Dataset excerpts —
_ _ _

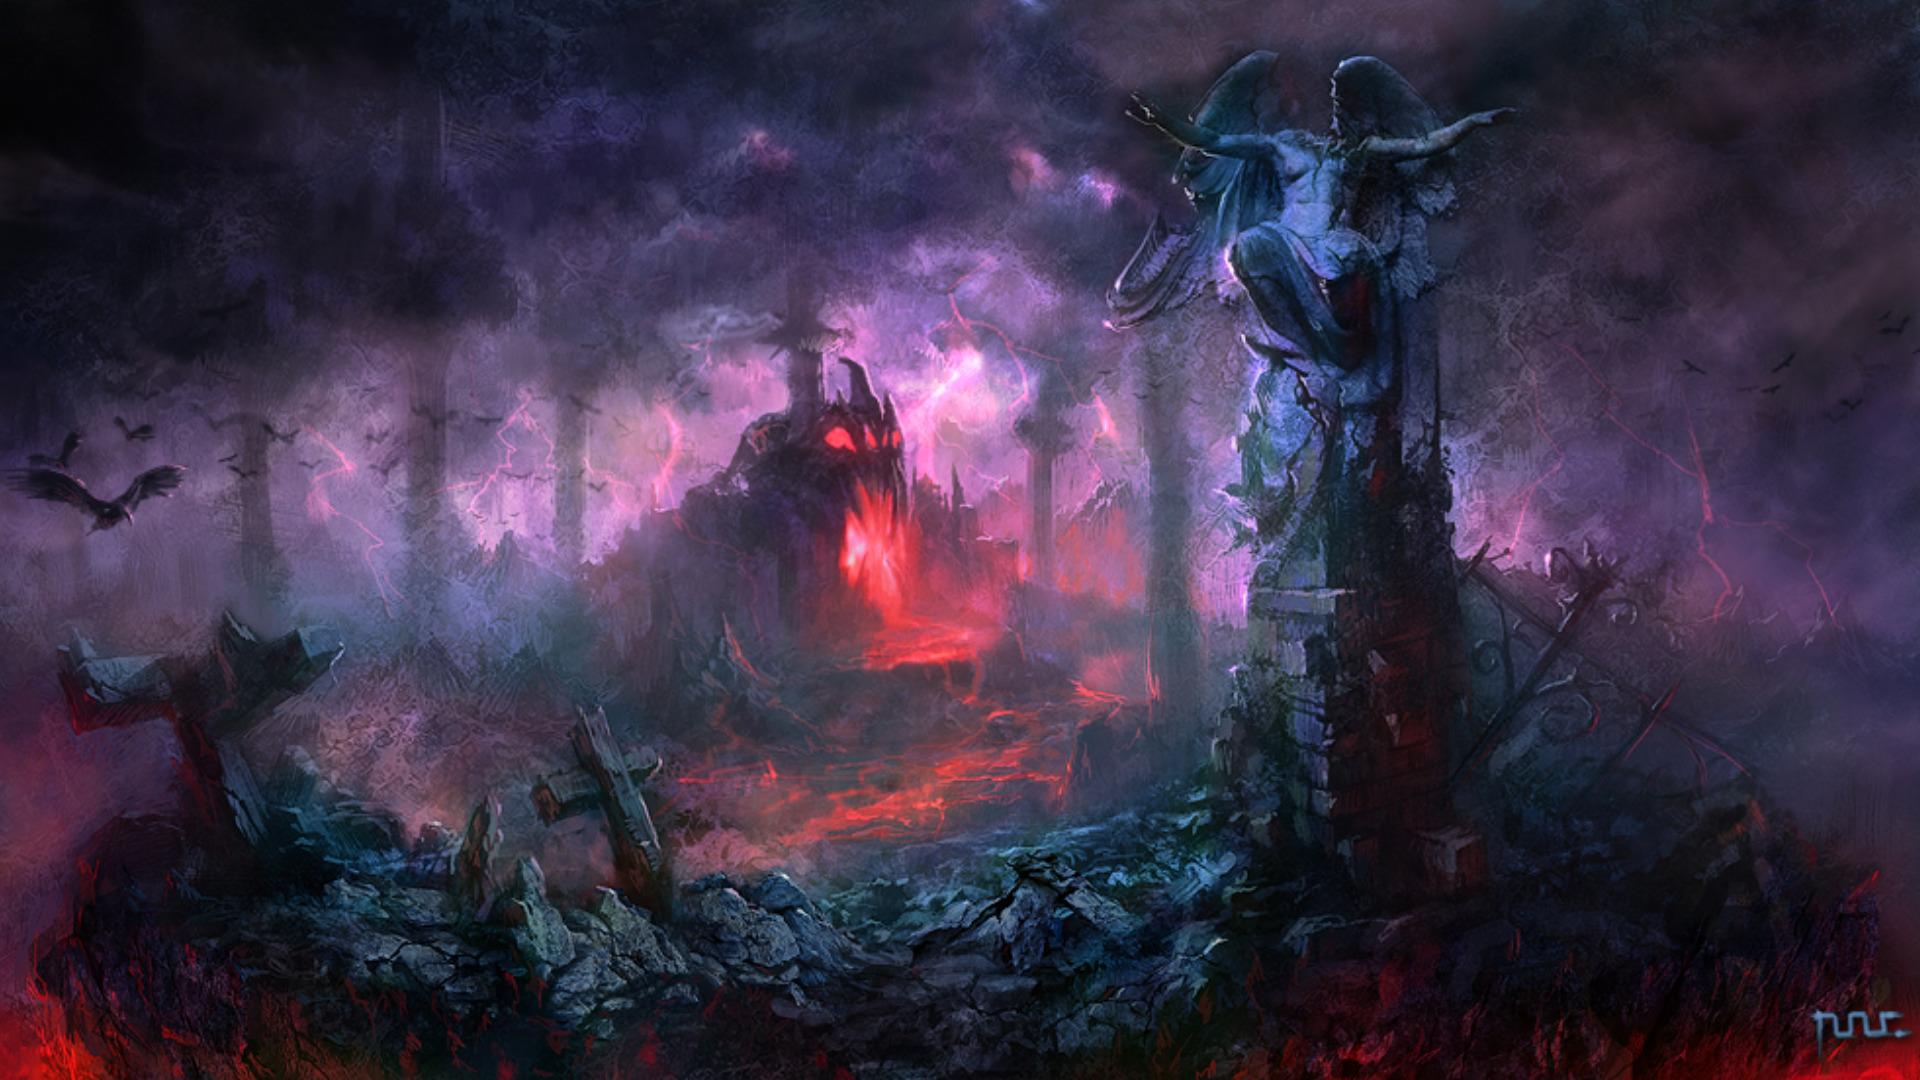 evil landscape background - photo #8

_ _ _

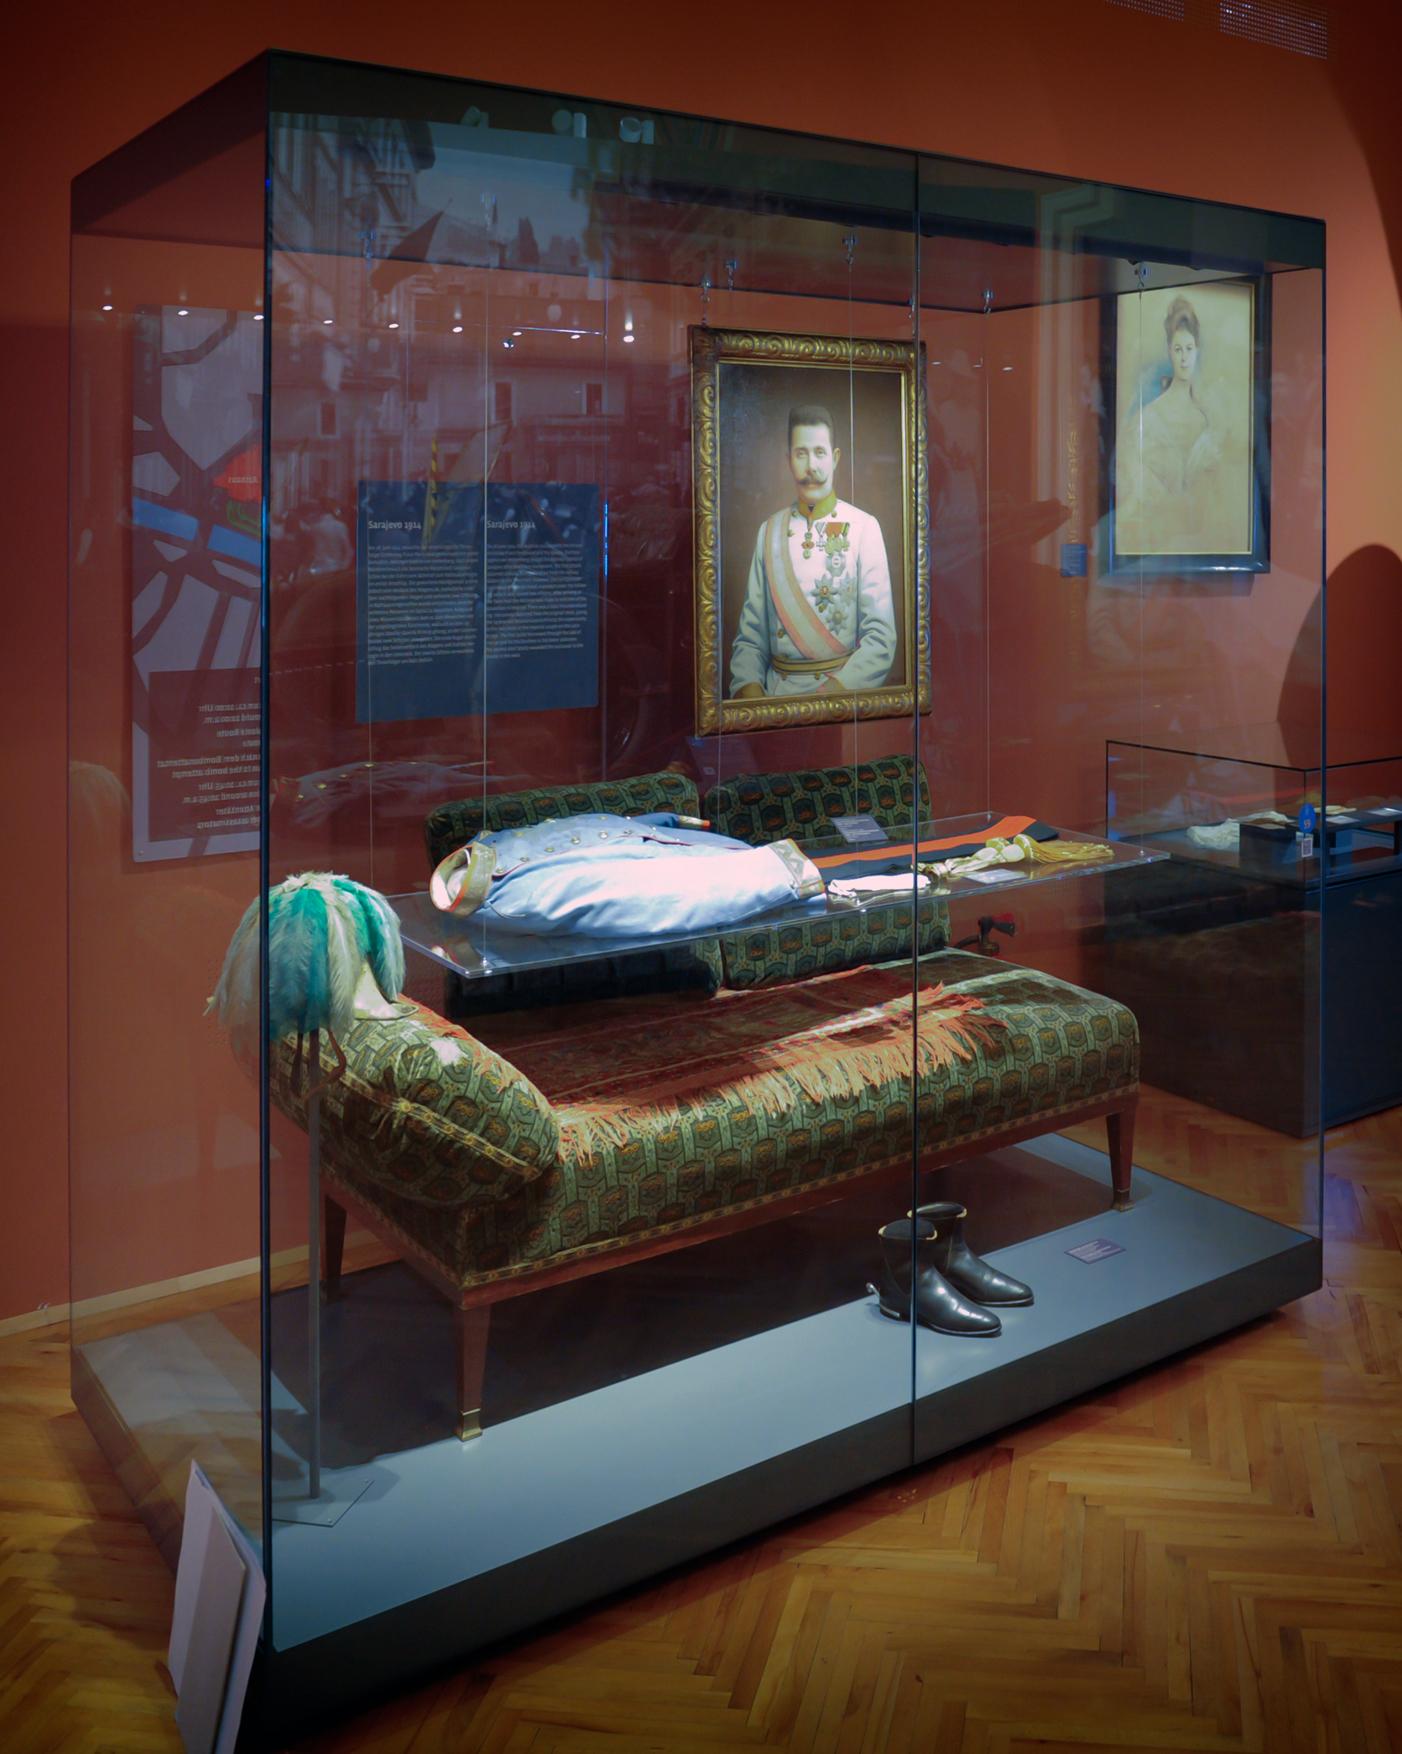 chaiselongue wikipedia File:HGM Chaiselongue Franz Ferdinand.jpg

_ _ _

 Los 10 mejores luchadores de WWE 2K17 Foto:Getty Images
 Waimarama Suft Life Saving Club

_ _ _

Task requirements — Every line above from the line with "Los 10 mejores" to the line with "Waimarama Suft Life Saving Club" is wanted, ends included; write them out exactly and add no other line.

Reply —
 Los 10 mejores luchadores de WWE 2K17 Foto:Getty Images
 Waimarama Suft Life Saving Club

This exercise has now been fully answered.